Note that you may not share the link to download the dataset with others. Permission is granted to view and use the MURA Dataset without charge for personal, non-commercial research purposes only.
Any commercial use, sale, or other monetization is prohibited. If another user within your organization wishes to use the MURA Dataset, they must register as an individual user and comply with all the terms of this Research Use Agreement. In no event shall data or images generated through the use of the MURA Dataset be used or relied upon in the diagnosis or provision of patient care.
You will not make any attempt to re-identify any of the individual data subjects.
Re-identification of individuals is strictly prohibited. Any re-identification of any individual data subject shall be immediately reported to the School of Medicine.
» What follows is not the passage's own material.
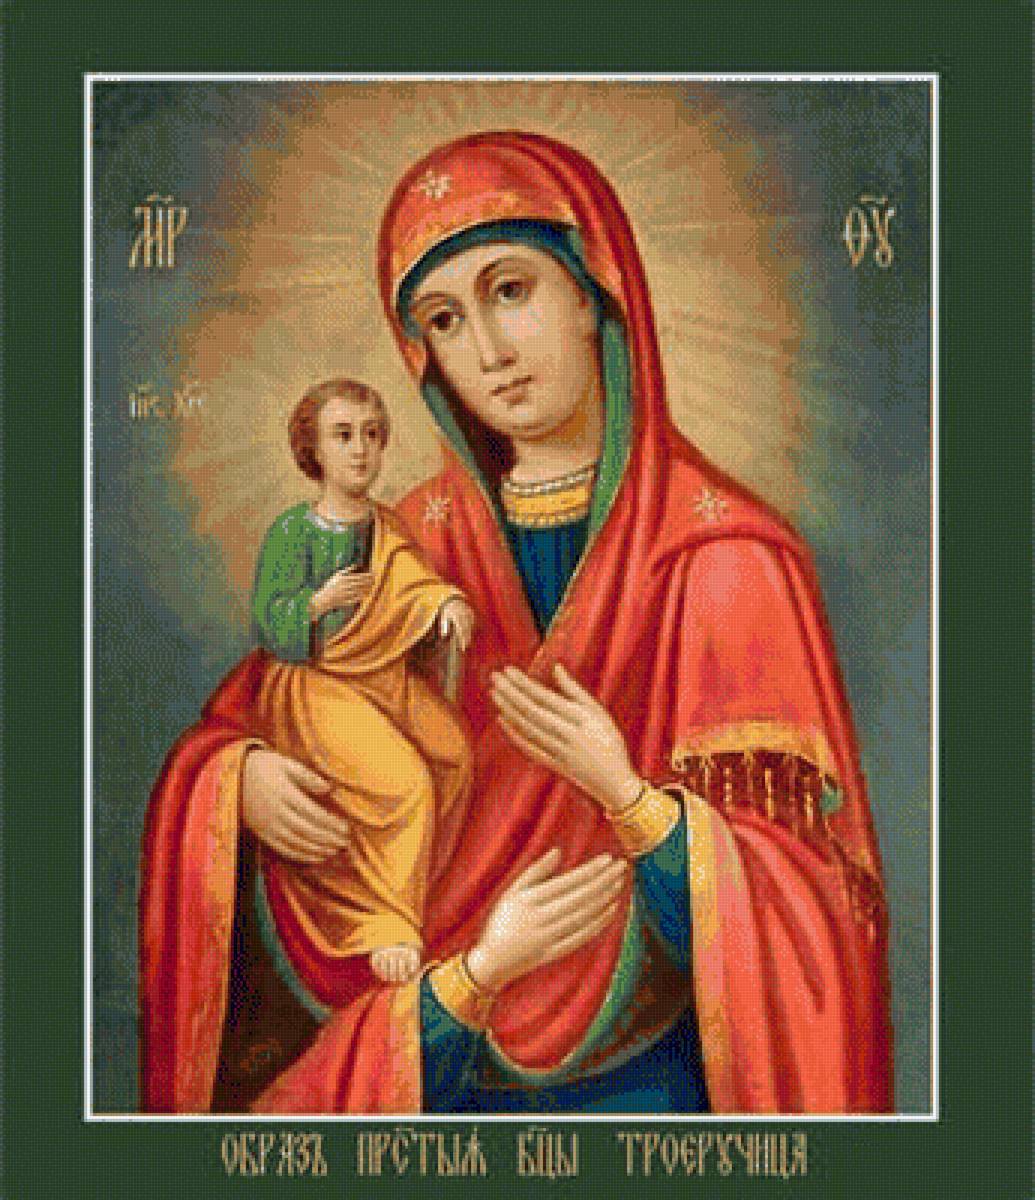 Богородица Троеручица - богородица, икона - предпросмотр

In the event that the School of Medicine determines that the recipient has violated this Research Use Agreement or other impermissible use has been made, the School of Medicine may direct that the undersigned data recipient immediately return all copies of the MURA Dataset and retain no copies thereof even if you did not cause the violation or impermissible use.
In consideration for your agreement to the terms and conditions contained here, Stanford grants you permission to view and use the MURA Dataset for personal, non-commercial research. You may not otherwise copy, reproduce, retransmit, distribute, publish, commercially exploit or otherwise transfer any material.
You agree to indemnify and hold Stanford harmless from any claims, losses or damages, including legal fees, arising out of or resulting from your use of the MURA Dataset or your violation or role in violation of these Terms. These Terms shall be governed by and interpreted in accordance with the laws.